Design and development 

Development of the new vehicle for the Royal Hungarian Army started in 1937, when Dezső Winkler was ordered by the Ministry of Defence to create a project of a 1.5-ton lorry to be used as personnel carrier. In order to have the ability for higher cross-country mobility but also keep the costs down, the truck received the 6x4 configuration. To aid in difficult terrain, the construction received a number of innovative mechanisms. One was the second axle, raised above the ground level and in contact only at the peak of a summit. Another innovation was a set of two rollers mounted at the front bumper that were intended to aid in crossing of ditches. The latter feature was a copy of a similar mechanism used in the 31M H-2 lorry designed by Zsigmond Hollós of the Manfred Weiss Steel and Metal Works (HMW). Two prototypes were built and were well received by the Ministry of Defence. The initial configuration allowed for 14 people to be transported in an open cargo compartment and the cab. The lorry was designed to be able to tow up to 2000 kilograms in a trailer, it was also equipped with a factory-installed winch.

Production and variants 

As no factory in Hungary could cope with such a massive government order, the 38M Botond was built by a consortium of six companies, with HMW and Mavag as the main contractors and Láng, Ganz Works and HSCS works producing various parts.

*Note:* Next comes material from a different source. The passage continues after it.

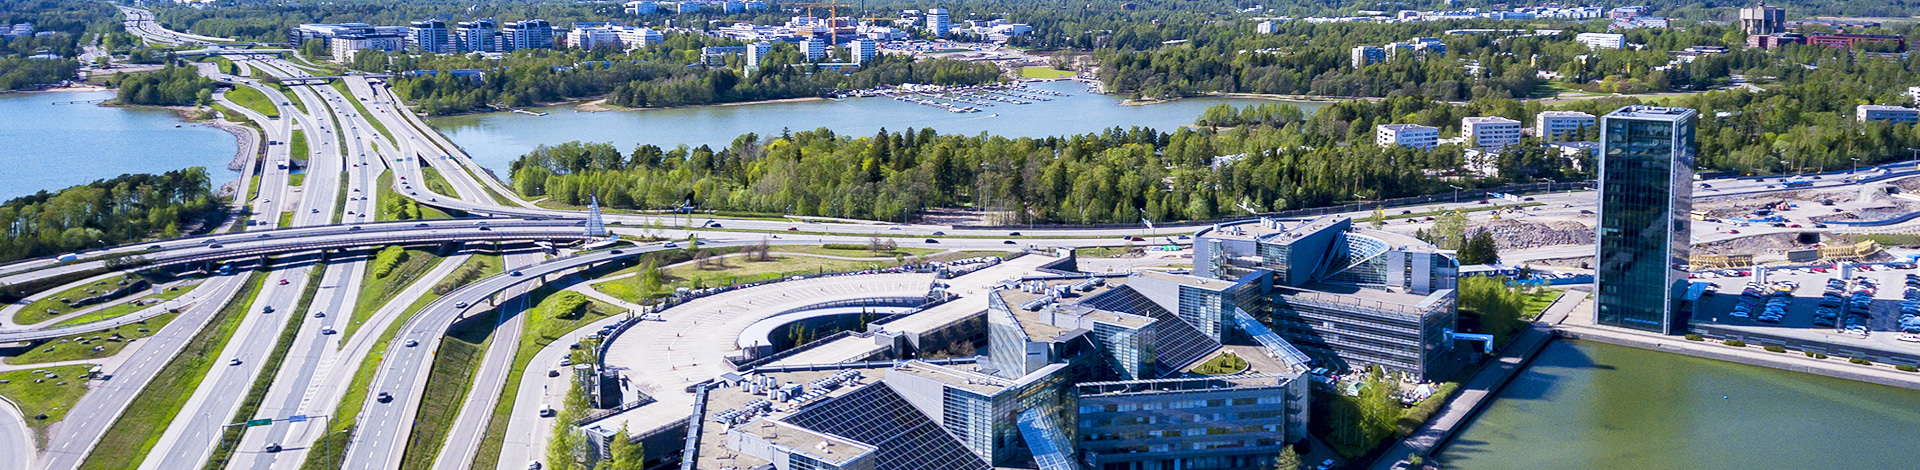 View of Espoo

Between 1938 and 1941 the consortium built 1443 38M Botond trucks. When Hungary joined World War II, a new version (dubbed 38M Botond B) entered serial production. Only minor changes to the design were introduced: some steel parts were replaced with cheaper and easier to obtain materials, the engine power was increased from 70 to 72 Horsepower. The ministry ordered 1400 more vehicles in 1942 and an additional order for 657 vehicles followed in 1943 (all Botond B variant). However, some completed and half-completed lorries were destroyed by Allied bombers during bombing raids on MW works and MAVAG.

As the design proved adequate, it was often field-converted to various roles, including radio cars, command vehicles, artillery trailers and tank tows. Although some of the factories were destroyed, the production continued well into 1944, with 882 out of 2098 trucks ordered for that year delivered to the armed forces. After the Soviet take-over of Hungary several trucks were completed out of spare parts and delivered to the Ministry of Defence in 1948.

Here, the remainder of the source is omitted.